A carambola has a waxy appearance and nearly translucent flesh. The entire fruit is edible, although occasional large seeds should be removed. Look for firm fruit with light brown ridges but no brown spots. If the fruit has a greenish tinge, allow it to ripen until fully yellow with a fruity aroma. The fruit’s simple beauty belies a surprisingly complex and hard-to-describe flavour, variously described as a combination of plum, apple, papaya and grape with hints of citrus.

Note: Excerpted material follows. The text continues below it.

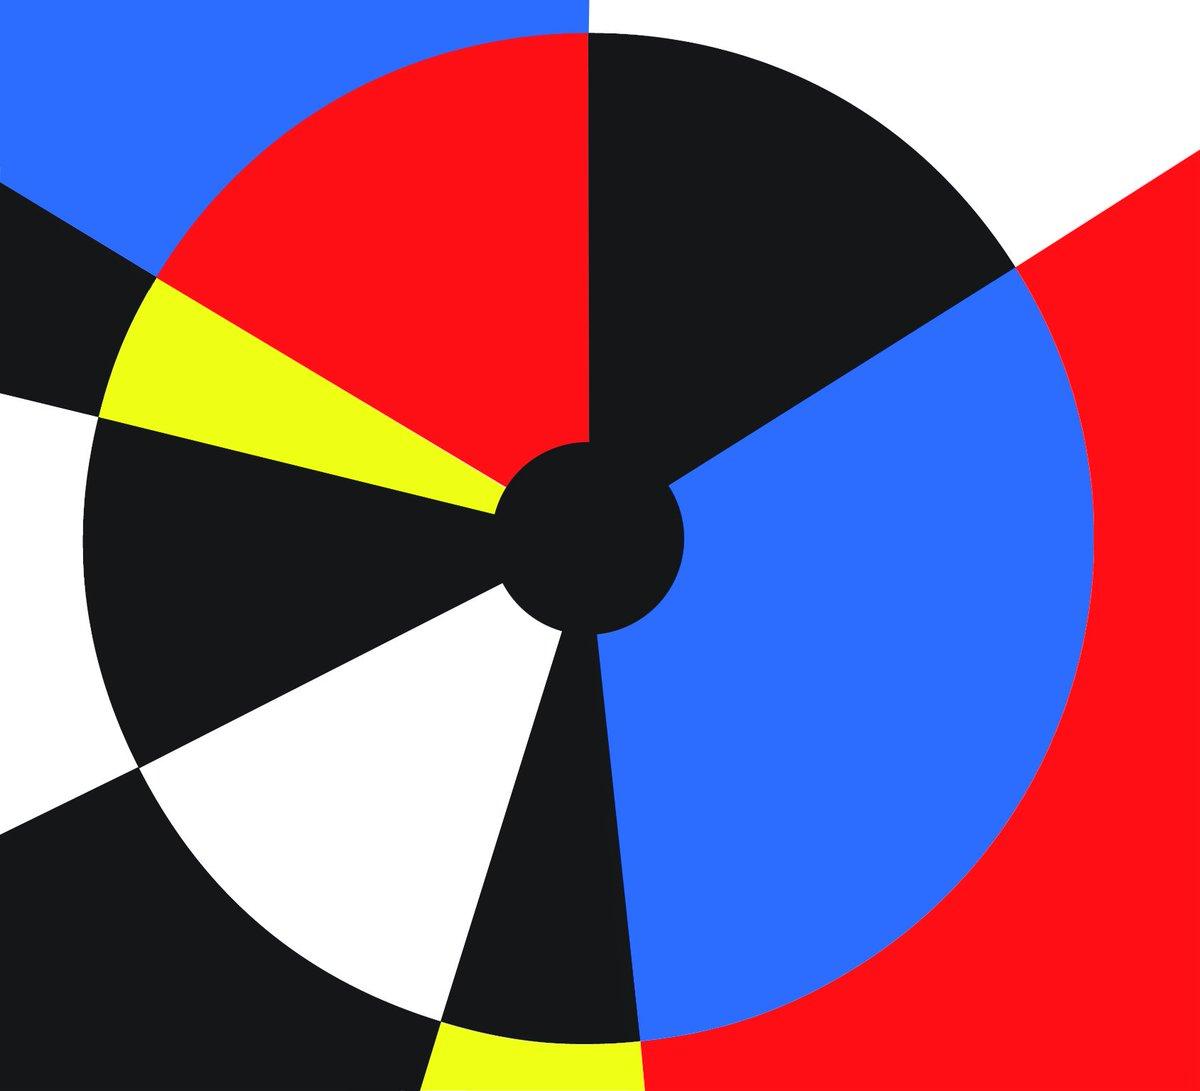 Fantastic @ElectricityClub review of forthcoming Blancmange album Commuter 23    https://t.co/ReJ5HAkpBv https://t.co/OIq7yDGISv

I first sampled carambola during my teenage years in the States where star fruit was, and still is, an exotic fruit. That first taste was of a sweet fruit, and thereafter I assumed star fruit was always sweet. Upon moving to the BVI, I rented an apartment on a lush property with a variety of spectacular fruit trees. When September arrived, the carambola trees were filled with enticing offerings. Though they looked and felt ripe when I picked them, the fruits I sampled were so tart that they made my mouth pucker. I was disappointed by the lack of sweetness and assumed that the trees were producing inferior fruit. For the rest of the season I ignored the trees and watched as birds ate the fruit. As I’ve since learned, there are two types of carambola: sweet and tart. Distinguishing between the two can be difficult, although the sweet variety typically has ridges that are thicker and more widely spaced than the tart variety. Sweet carambola can be eaten straight out-of-hand and used as a garnish for foods and beverages. My preferred use is in fruit salads, where the stunning shape creates a beautiful and festive addition to a mélange of fruits and berries. The tart carambola are better suited to savoury salads or salsas and pair well with fish or shellfish. What a shame that I didn’t know about the sweet-tart distinction when I had tart star fruit trees in my backyard and local fish in my freezer from some good days on the water. Perhaps carambola is truly the “quint”-essential fruit of the BVI!

Tropical Fruit Salad
Serve this colourful salad with a variety of local pastries and strong coffee for an impressive but easy breakfast.

2 small carambola, sliced 1/4” thick
2 kiwis, peeled, halved lengthwise, sliced 1/4" thick
1 C red grapes
1 C papaya, peeled and diced in 1/2” pieces
2 C pineapple, peeled and diced in 3/4” pieces
2 Tbl lime juice
1 1/2 Tbl honey
1 Tbl rum (optional)
1 banana, sliced
1/3 C fresh grated coconut


Combine all ingredients except for bananas and coconut in a bowl and stir gently. Refrigerate for 30 minutes. Add bananas immediately before serving then grate coconut on top. Serves four.